Indictment and indictment: differences between documents
The indictment is the result of an abbreviated investigation, which is based on the available evidence and the confession of the accused. In turn, as we know, an indictment is a procedural document that completes the inquiry process in a general form.
- To issue an indictment, you only need to perform those procedural steps that, at the discretion of the investigator, are sufficient to bring charges.
- The terms of the shortened inquiry, as the name implies, are more compressed than in a regular inquiry.
Everything else, including design requirements, is the same.

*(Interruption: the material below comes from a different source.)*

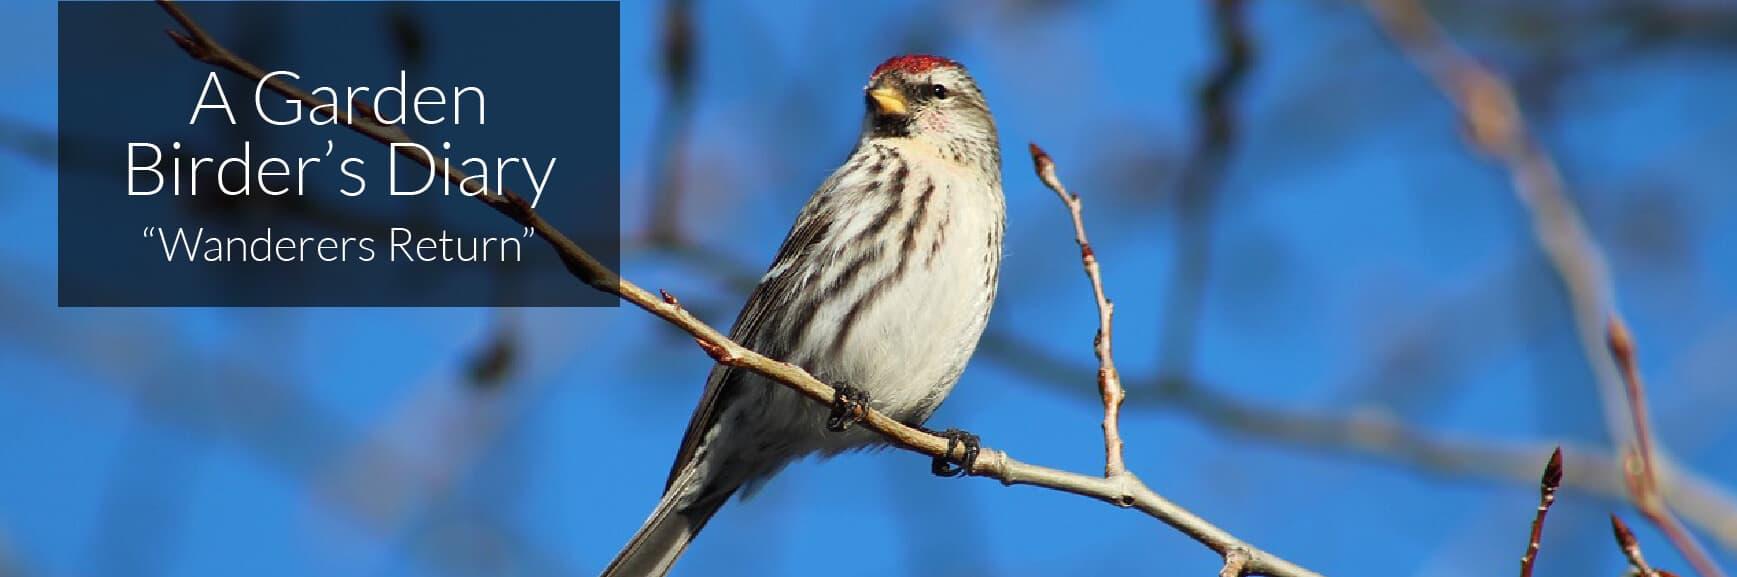 A Garden Birder's Diary – Wanderers Return
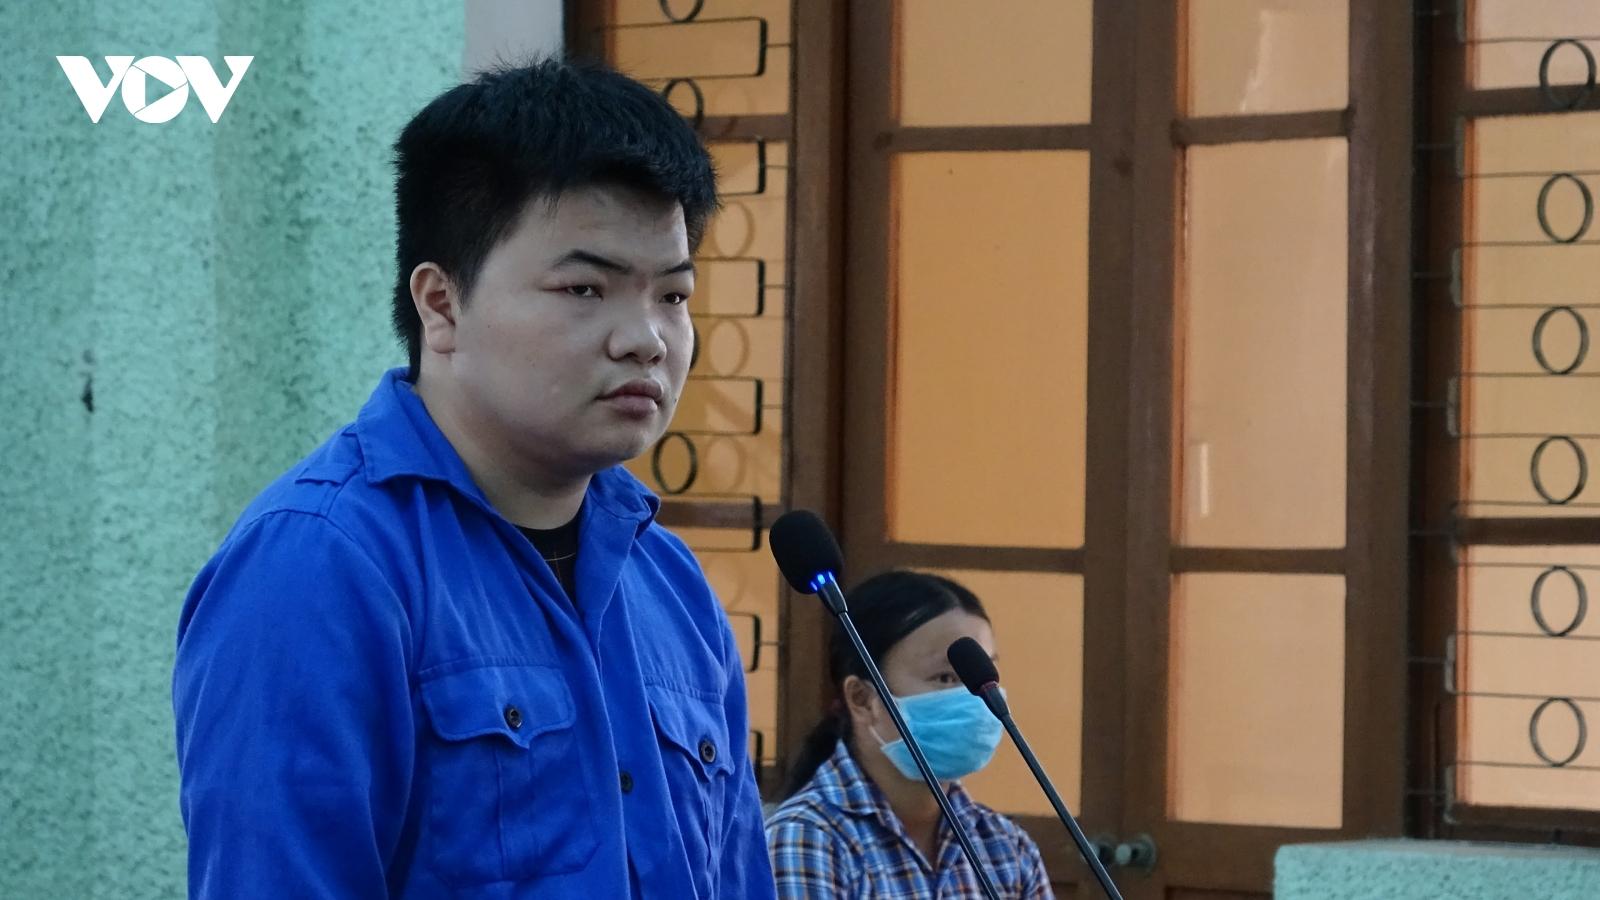 Tổ chức cho gần 100 người xuất nhập cảnh trái phép, nam thanh niên lĩnh án 17 năm tù giam

Decisions made by the prosecutor during the consideration of the indictment
One of the activities of the prosecutor in the field of supervision is the consideration of the indictment and the decision of the prosecutor based on its results. This power is established by Art. 226 Code of Criminal Procedure of the Russian Federation. Based on the results of the consideration of the criminal case, the prosecutor may make any of the decisions noted below.
- Approval of the indictment by the prosecutor and preparation of case materials for sending to the court, where it is subsequently considered.
- Returning the materials of the criminal case to draw up a repeated, more complete indictment, which in the future will meet the requirements put forward. The law establishes a period for re-drafting - 3 days. An extremely important aspect of work in this direction are the recommendations and comments of the prosecutor, which he notes. In this case, he coordinates the work of police officers and helps them draw up documents correctly.
- Returning the criminal case so that the officer has the opportunity to conduct an additional investigation. In this case, the period for conducting such an inquiry should not exceed 10 days. Such a decision is made when the prosecutor sees that the interrogator has closed his eyes to some questions and has not paid attention to important details.
- Termination of proceedings only when there are grounds for this provided for by the Code of Criminal Procedure of the Russian Federation. The law has a separate article that describes cases of suspension and termination of an investigation in a specific case. If the prosecutor establishes the presence of one such fact, the case is terminated.
- Sending a package of documents, which includes materials from the criminal case, in order to begin another type of investigation, for example, a preliminary investigation.
If the indictment is reviewed and approved by an employee of the prosecutor's office, copies are given to the accused and his defense attorney.
Procedural meaning of the indictment
Based on all of the above, we can conclude that the indictment is the most important part of the investigator’s work. It is this document that puts into a logical structure all the evidence received and the facts of the crime, based on which the court will be able to make a fair and correct decision. In addition, the indictment changes the legal status of a key participant from suspect to accused.
Where is the indictment sent after it is drawn up?
As we found out earlier, an indictment is an important and significant procedural document, which is why you need to know where it is going and what happens to it after it is drawn up. After familiarizing the suspect and the victim with it, the finished document is sent to the head of the inquiry agency, who studies it, checks for errors and omissions, and, if necessary, sends it again to the investigator. If everything is correct and there are no errors, then the document is approved by the boss and moves on to the prosecutor.